Карререс открыл было рот, чтобы ответить, и замер, пораженный.
– Опа, – сказал Ти-Жак, увидев выражение его лица. – Что ж это получается – застряли?!
– Нет, конечно, – отмахнулся Карререс. – Элли, ты ведь помнишь дорогу?
– Ага, – грустно кивнула хранительница. – Надо сначала идти на… – она вдруг сбилась и замолчала. – Я не могу рассказать, – жалобно пробормотала она после паузы. – Только показать. Пройти самой. Получается, вы не сможете уехать, если я не провожу вас? – медленно спросила она, задумчиво глядя на Карререса, и он увидел муку в ее глазах. – Если я не захочу… – не договорив, она вскочила и убежала в дом.
Глава 38
В ветреный и ясный, синий и сверкающий, как крыло зимородка, день «Безымянный» поднял якорь и вышел из бухты Бимини. Бриг легко рассекал волны, чуть подпрыгивая на пенных гребнях. Ти-Жак жмурился на солнце; казалось, он всем телом впитывает тропическое разноцветье. Боцман уже передумал оставаться на Таларе. Они с Гаем собирались идти на Кокос, по дороге сделав крюк до Гуаякиля: неугомонный Гай вспомнил прочитанную в «Географии» статью о сквере игуан, разбитом прямо в центре этого города. Игуана Элли, несомненно, заслуживала хорошего общества, и все решили, что лучше места для нее не найти, а до Кокоса оттуда не так уж далеко. К тому же боцман надеялся взять в Гуаякиле пару- тройку пассажиров – наверняка удастся подбить каких-нибудь туристов на авантюру. Бывшего музейного смотрителя манили легенды о пиратских сокровищах. Ти-Жаку по большому счету было все равно, где болтаться; правда, иногда, слушая его краткие реплики, Карререс подозревал, что боцман не такой уж бессребреник, и зарытые на Кокосе сундуки волнуют его не меньше, чем Гая.
На всем судне нашлось только два страдальца. Венни угрюмо слонялся по палубе, и на его физиономии явно читались хитроумные планы, призванные хотя бы отсрочить возвращение домой. Он задумчиво осматривал мачты; Карререс уже однажды вывел его за ухо из машинного отделения, где Венни вертелся вокруг двигателя с отверткой в руке, и с тех пор не спускал с мальчишки глаз. Элли же, бледная, молчаливая и неприветливая, третий час маялась у борта с подветренной стороны, не рискуя отходить слишком далеко. На вопросы стоящего за штурвалом Ти-Жака она отвечала крайне лаконично. Каждое движение брига, взлетающего на волне и падающего в водяную ложбину, вызывало у нее слабый стон.
– Не понимаю, как Реме умудрялась выходить в море на каноэ, – умирающим голосом проговорила хранительница подошедшему Каррересу.
– Дело привычки, – ответил доктор. – Что, совсем плохо?
– Не, нормально, – Элли храбро попыталась изобразить улыбку и позеленела. – Только ты лучше уйди, – сдавленно добавила она.
Когда Элли смогла выпрямиться, Карререса рядом уже не было.
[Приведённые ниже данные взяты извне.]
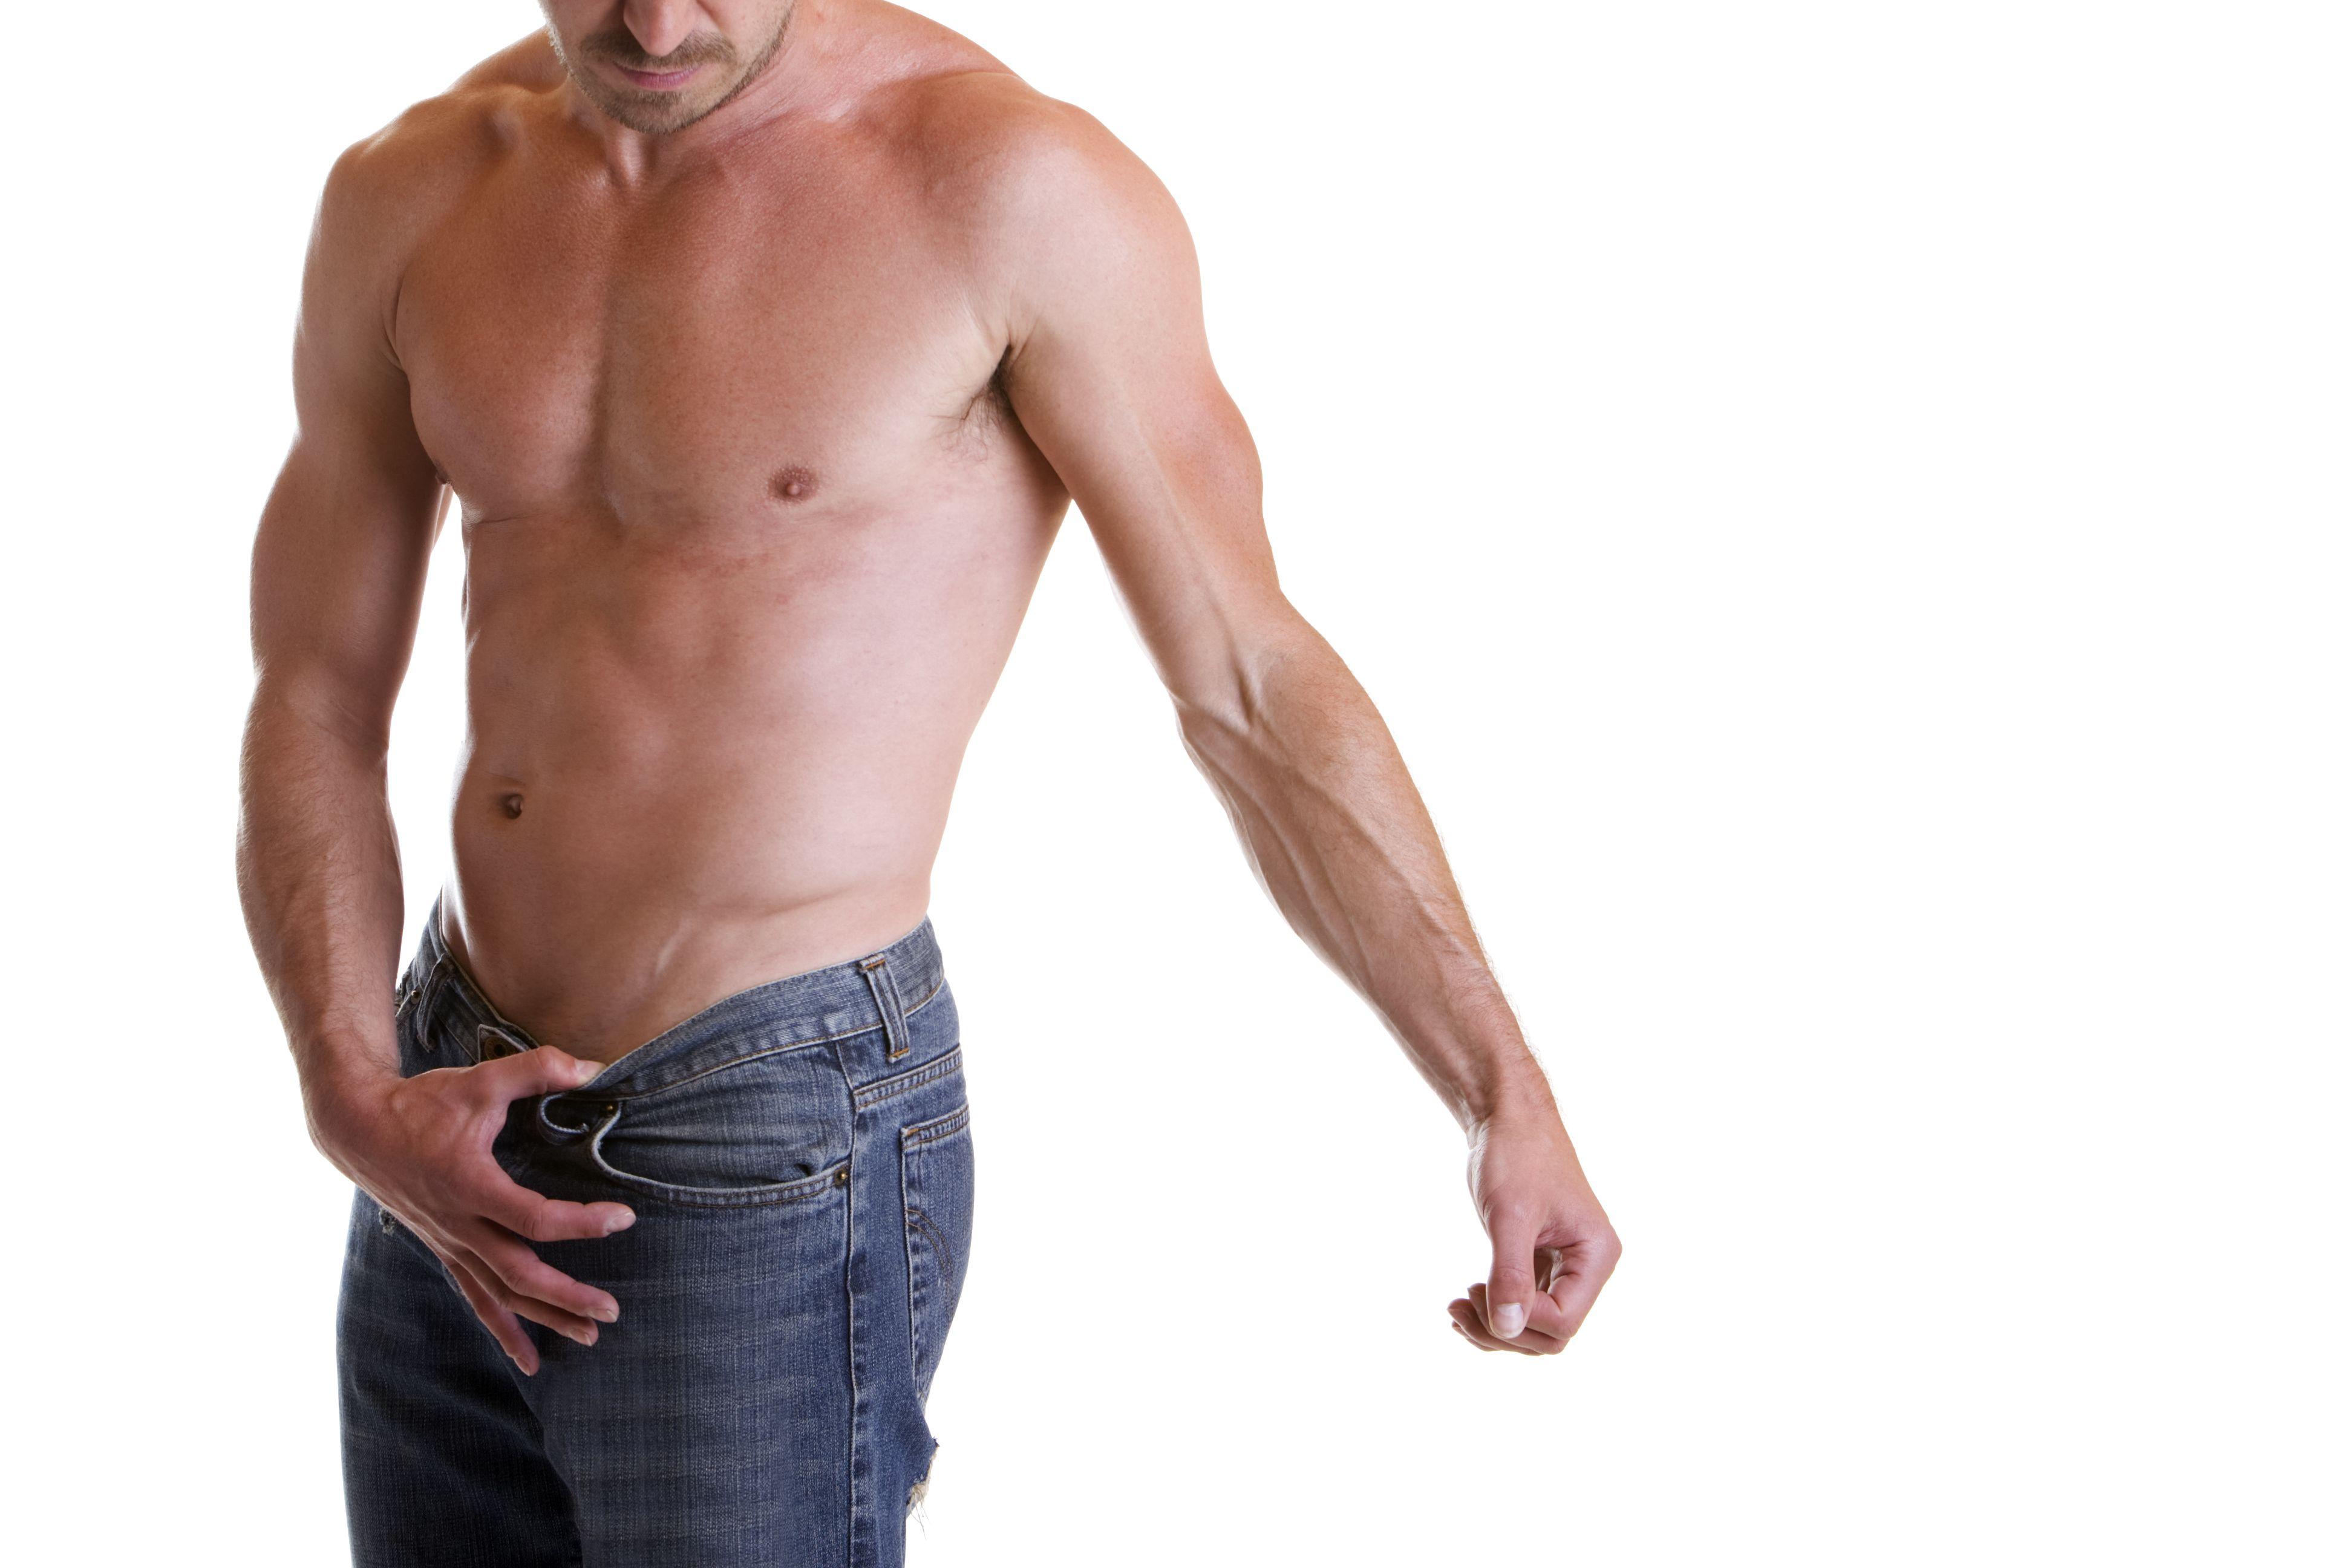 Male enhancement pills that work fast ireland

Элли с отвращением вытерла рот, поплескала в лицо забортной водой из стоящего под рукой ведерка и обессилено привалилась к фальшборту. Тошнота доставляла ей извращенную радость, не позволяя думать о том, что будет дальше. Карререс до сих пор ни словом ни обмолвился о своих планах, а Элли не решалась спрашивать, боясь услышать что-то неизбежное и окончательное. Каноэ Реме, крепко принайтованное на корме, казалось, гнусно подмигивало хранительнице, напоминая о неизбежном возвращении к озеру – но уже одной.
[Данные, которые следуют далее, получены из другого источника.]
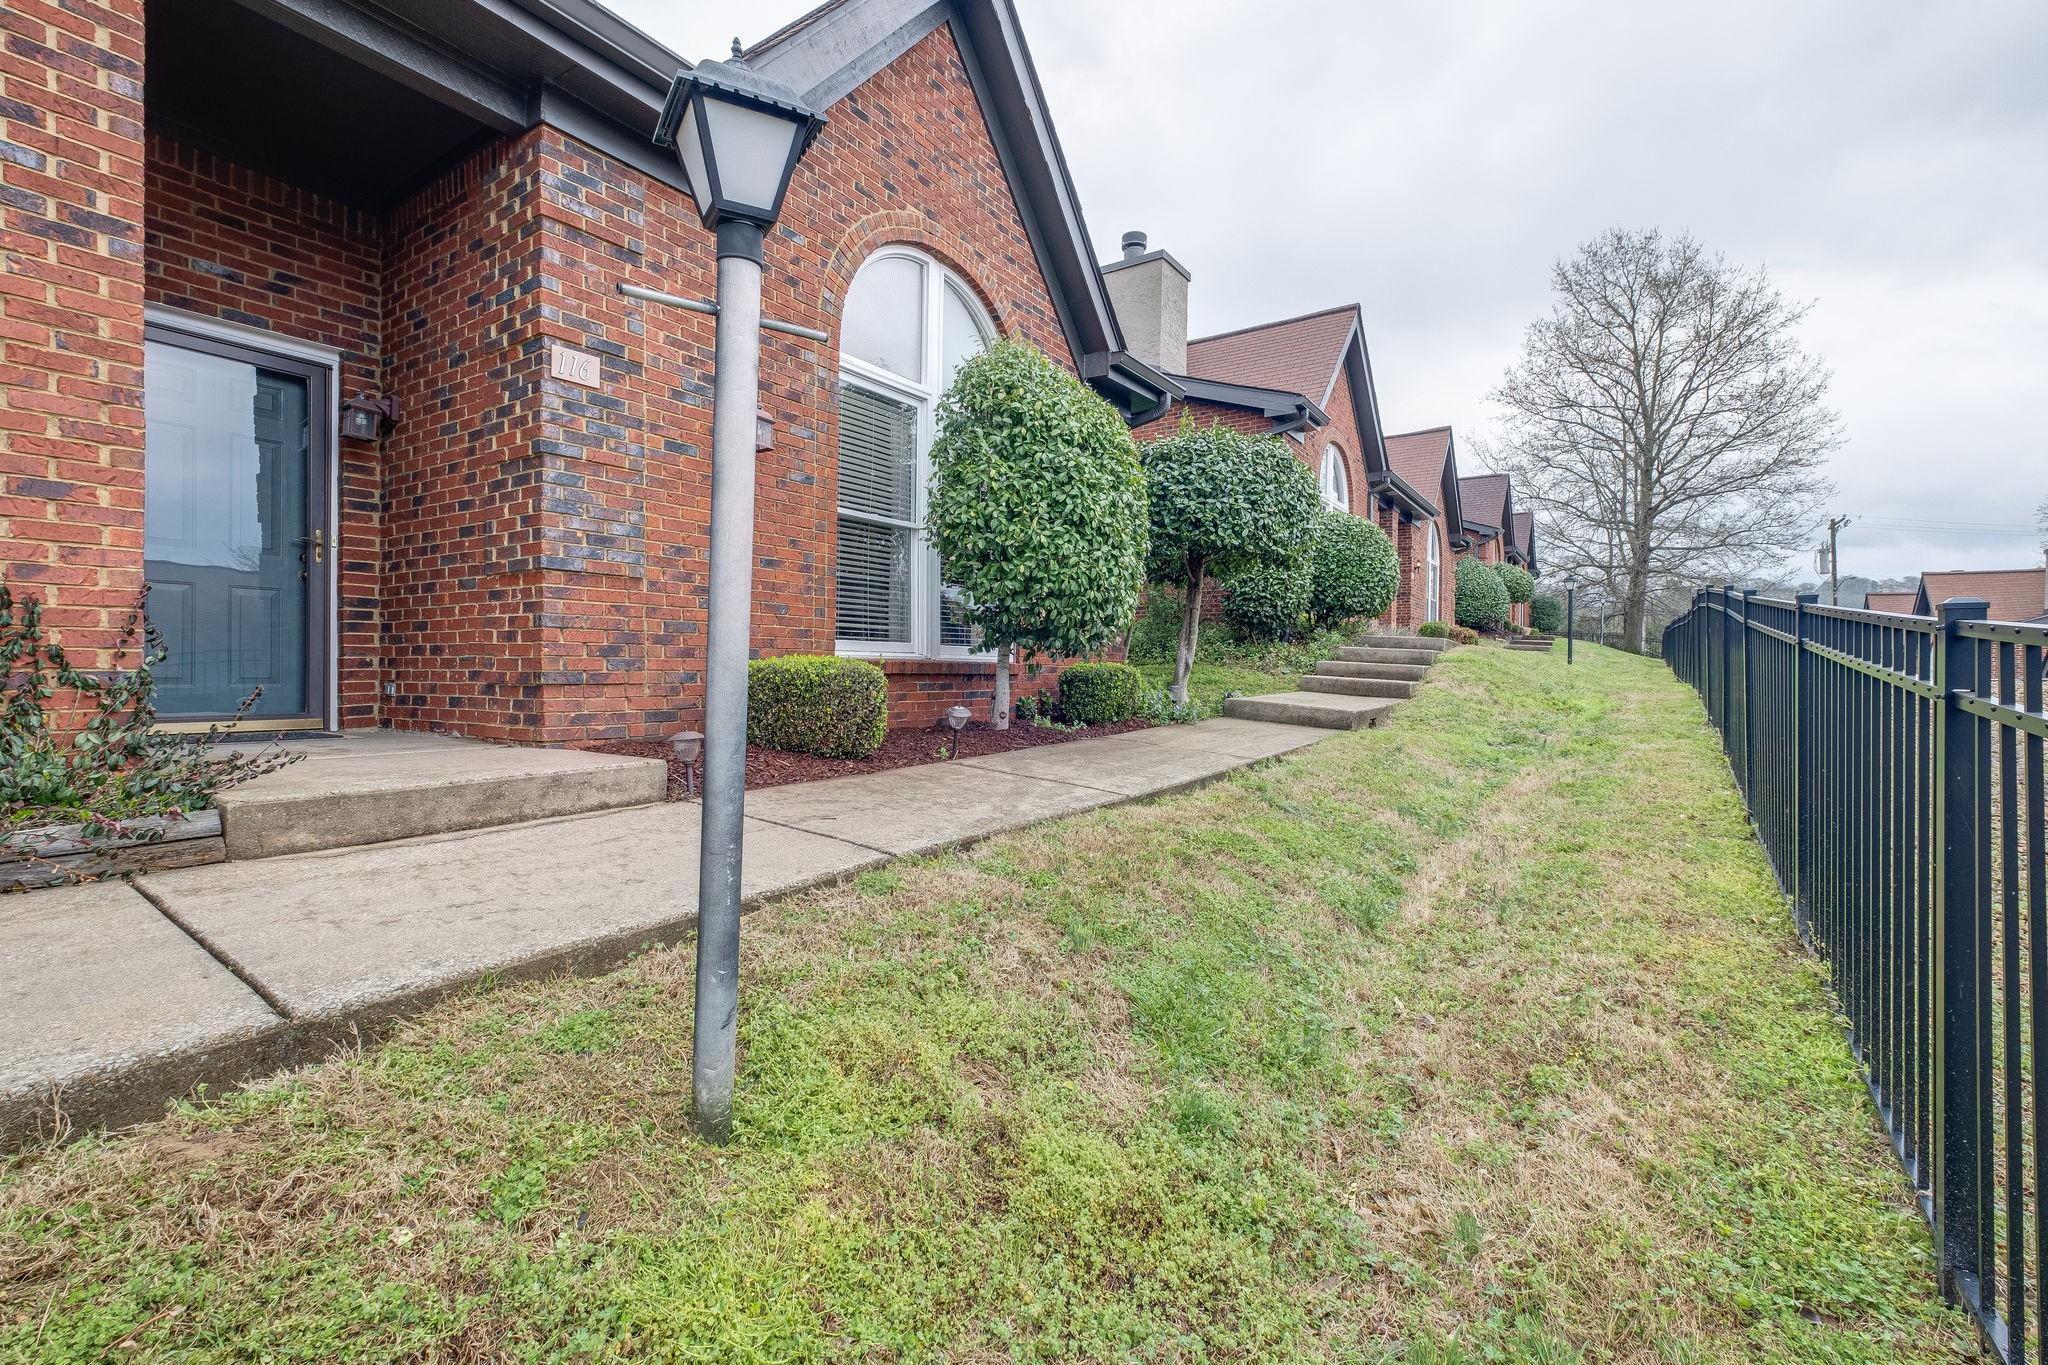 116 Highland Villa Dr, Nashville, TN 37211 - Nashville, TN real estate listing

«Безымянный» подпрыгнул на волне, к горлу снова подкатило. Элли поднялась на дрожащие от слабости ноги, в глубине души радуясь новому приступу морской болезни, не позволившему думать о расставании с Каррересом, которое становилось все ближе.
– Талар на горизонте, принцесса! – весело заорал Ти-Жак, – отмучалась!
Элли криво улыбнулась и с утробным всхлипом свесилась за борт.